Contesto como es habitual en mí, con unas palabras de agradecimiento y una contra pregunta, al más puro estilo gallego.

-¿Y tú? Ya debes estar a punto de la jubilación.

-Bien, bien, sabes que me divorcie y ahora estoy con una chavala joven, sudamericana. Me está alegrando la vida, amigo.

-Y aquí ¿Qué tal estas? Parece un sitio tranquilo…-pregunto a la vez que afirmo.

-Si lo es, tío. Los abuelos son cojonudos macho. No dan un solo problema. Vienen a bailar. Algunos, los más galantes y las más lanzadas, ligan, aunque suelen vivir la relación en secreto porque a los hijos-que son unos egoístas-, no les gusta que papá o mamá anden teniendo una nueva ilusión. Ya ves cómo somos: les crías y ayudas toda la vida, les das todo y cuando uno de sus progenitores se queda solo,  le dicen: ya eres viejo para esas tonterías. Olvídate del sexo o de salir a cenar con un ligue. En casita esperando a morirse, que es tu obligación. Yo tengo un pequeño negocio de pastillitas azules, no veas como les alegro la vida-sonríe con picardía mientras habla-. De verdad que les tengo mucho cariño y ciertamente que te implicas con ellos, pues te cuentan sus problemas: que si mi nuera me ha hecho esto, que si mi hijo no quiere que salga que voy a coger la gripe, vete a buscar al nieto al colegio,  y todas esas cosas. Lo malo es…

Alejandro se emociona y una lagrimilla asoma por sus otrora ojos vigorosos.

-¿Lo malo?-inquiero con ansiedad.

-¡Coño tío! ¡Que cada fin de semana me falta alguno porque se ha muerto! ¡Joder, que es duro ver como aquel viejecillo que venía con su traje y corbata siempre inmaculado, o aquella señora con el pelo a la permanente que todavía se atrevía ponerse medias de rejilla, ya no van a volver! Y ves como el que era su pareja viene mustio, sin ganas de vivir y al poco tiempo también la hinca, macho. Es duro de cojones.

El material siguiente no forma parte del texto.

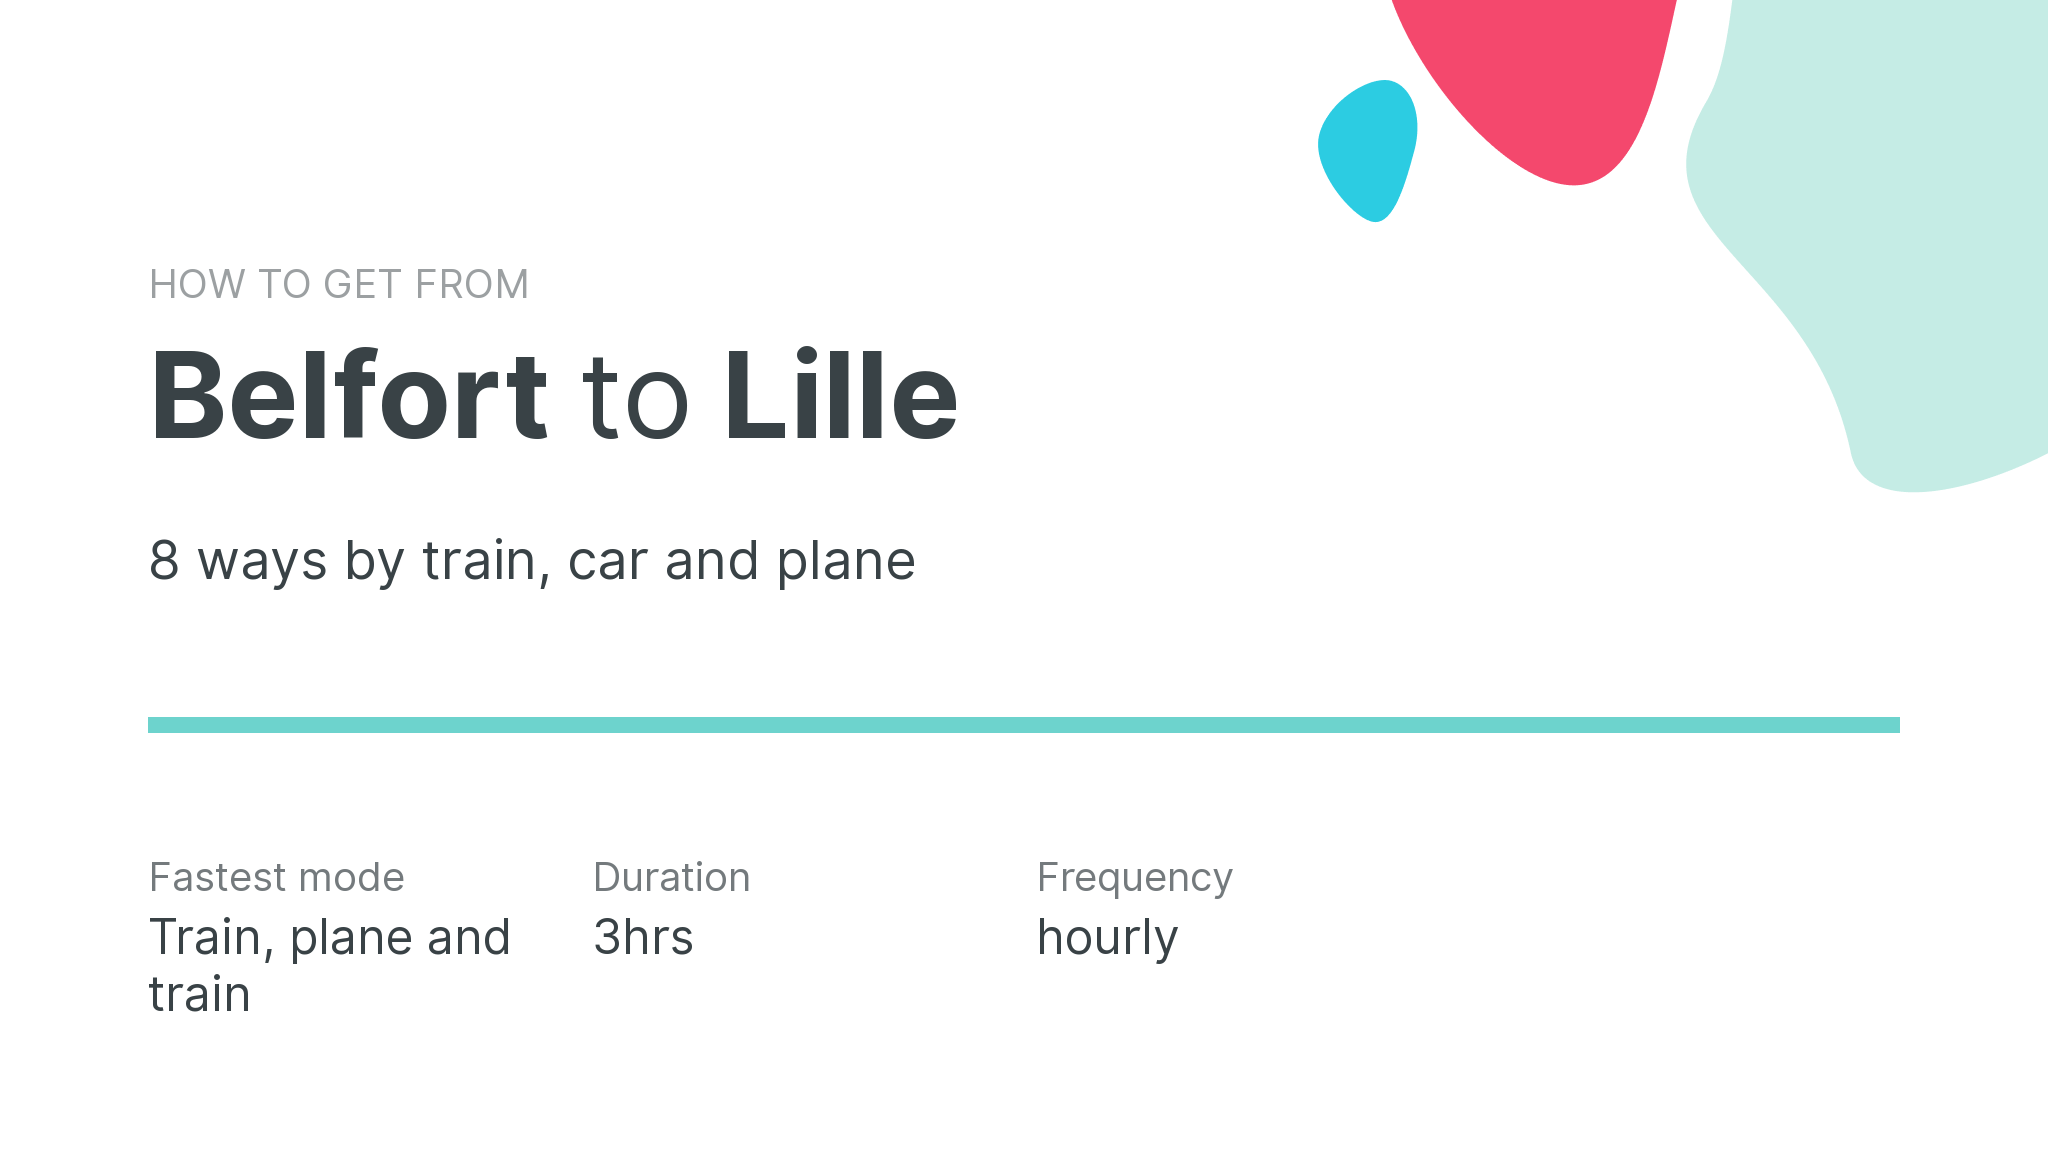 How do I get from Belfort to Lille

Me despido de Alejandro tras atusarnos bien con unos cuantos chupitos de Jackie Honey y vuelvo a retomar el metro para volver a casa.

Por el camino me doy cuenta de que mi amigo, aquel tipo duro de los ochenta, siente un montón de vacíos en su interior: uno por cada uno de sus clientes que deja este puto mundo.

Debe de encontrase muy solo y eso no es bueno, la verdad.